* _Description of the task_:
Please copy the listing that follows exactly, leaving out any pictures.

* _Source material_:
%%
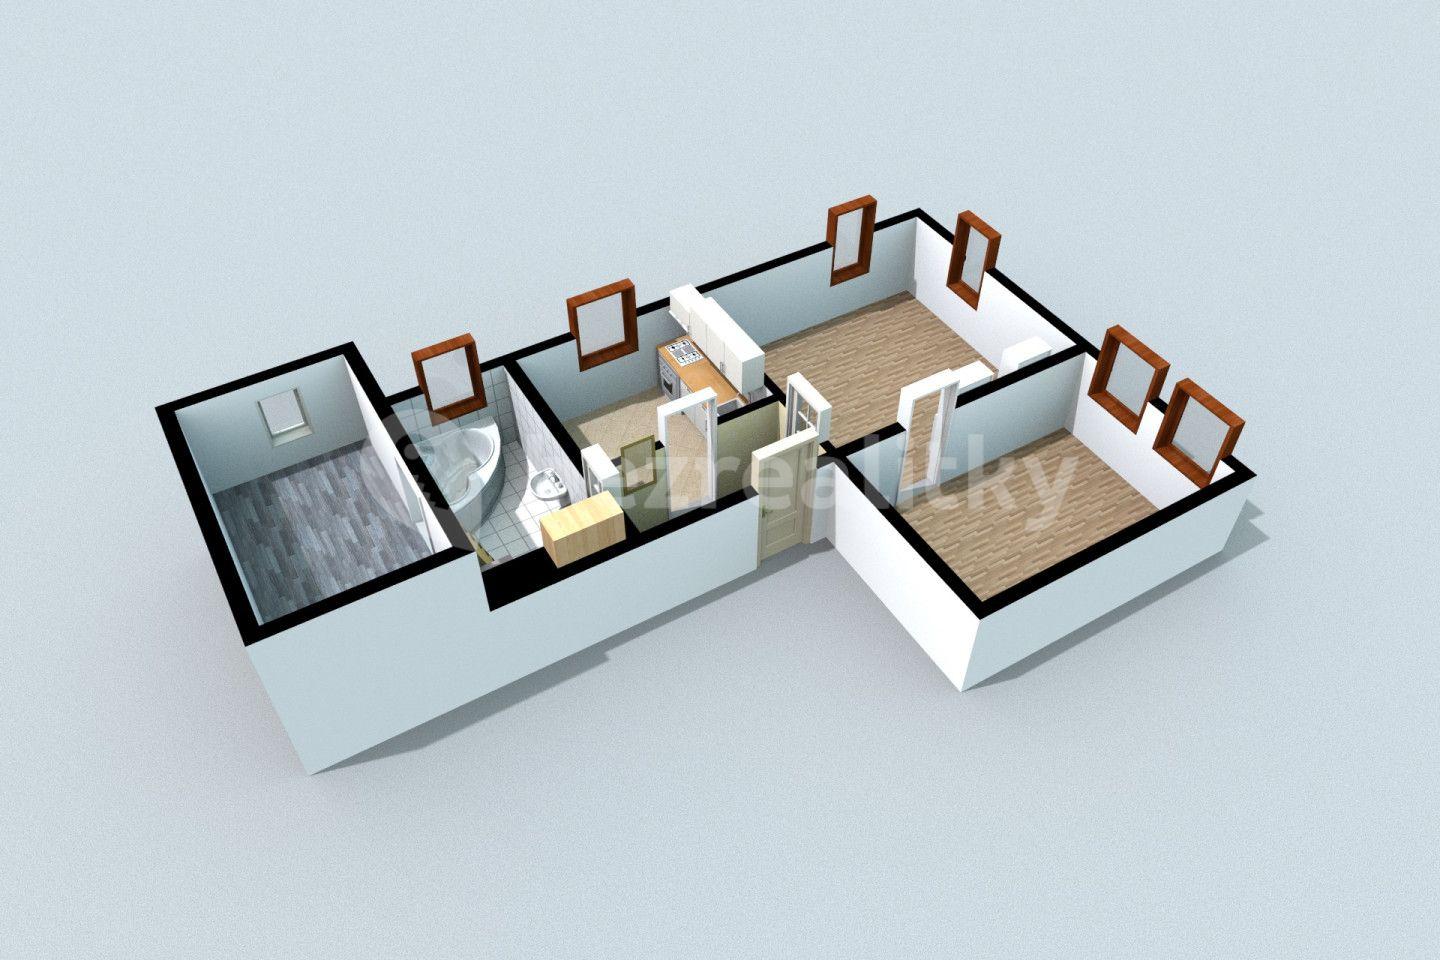 2 bedroom flat for sale, 62 m², Smetanova, Jablonec nad Nisou, Liberecký Region
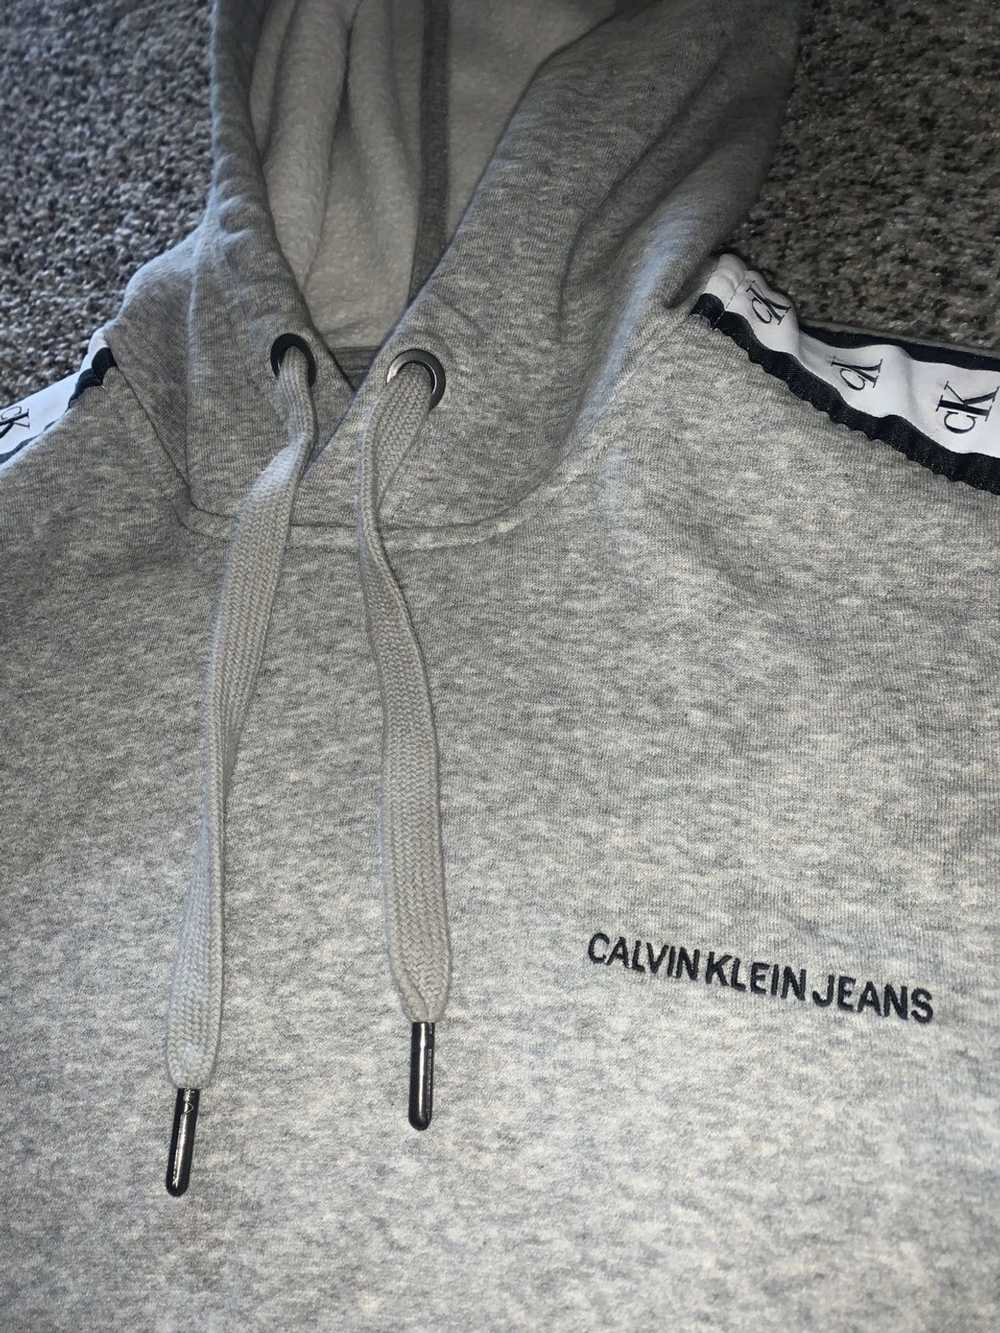 Calvin Klein Calvin Klein jeans logo hoodie - image 2
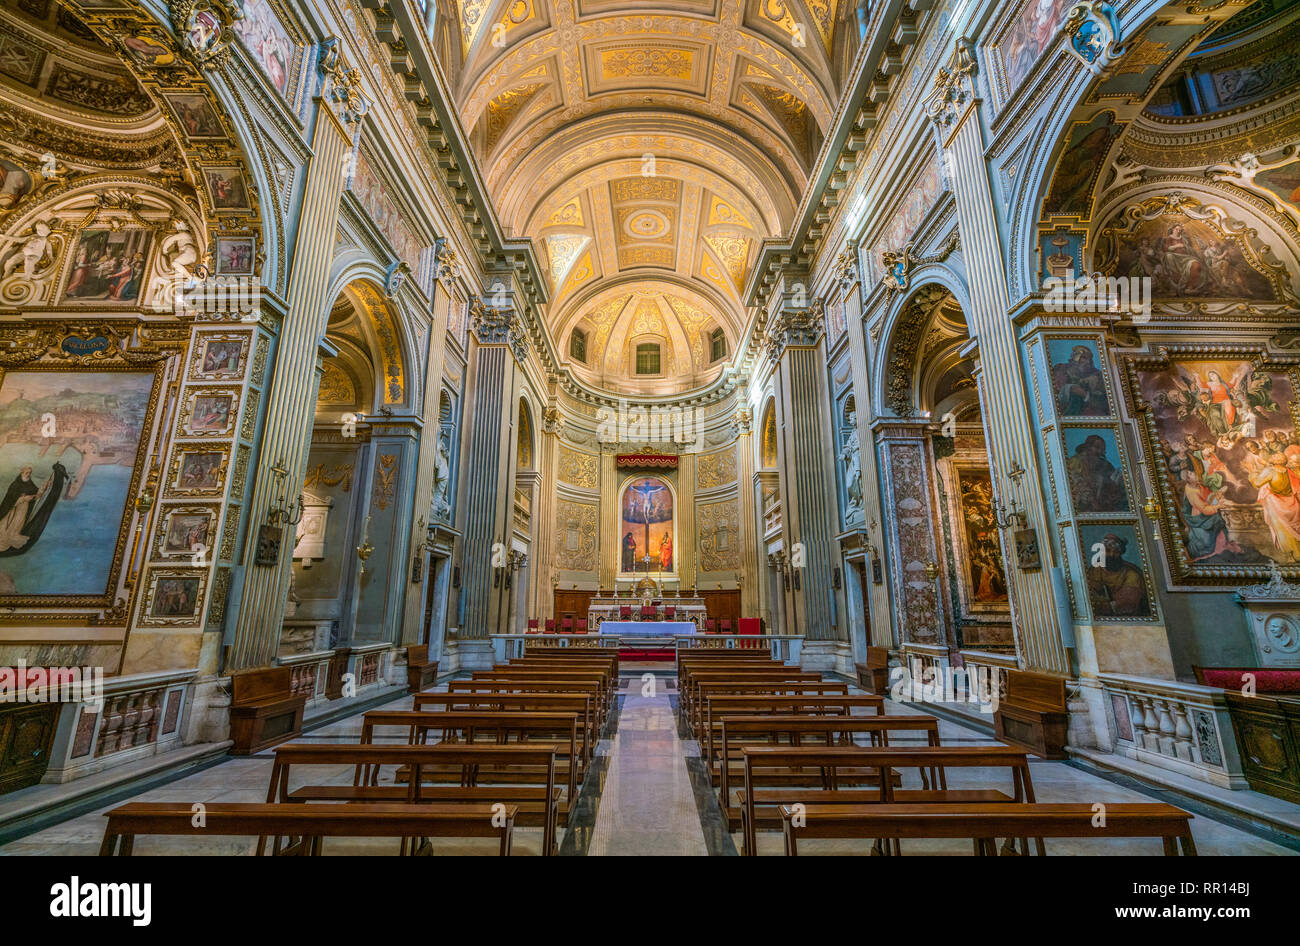 Interior sight from Church of Santa Maria in Monserrato degli Spagnoli, Rome, Italy. Stock Photo
%%
* _Written response_:
 2 bedroom flat for sale, 62 m², Smetanova, Jablonec nad Nisou, Liberecký Region
 Calvin Klein Calvin Klein jeans logo hoodie - image 2
 Interior sight from Church of Santa Maria in Monserrato degli Spagnoli, Rome, Italy. Stock Photo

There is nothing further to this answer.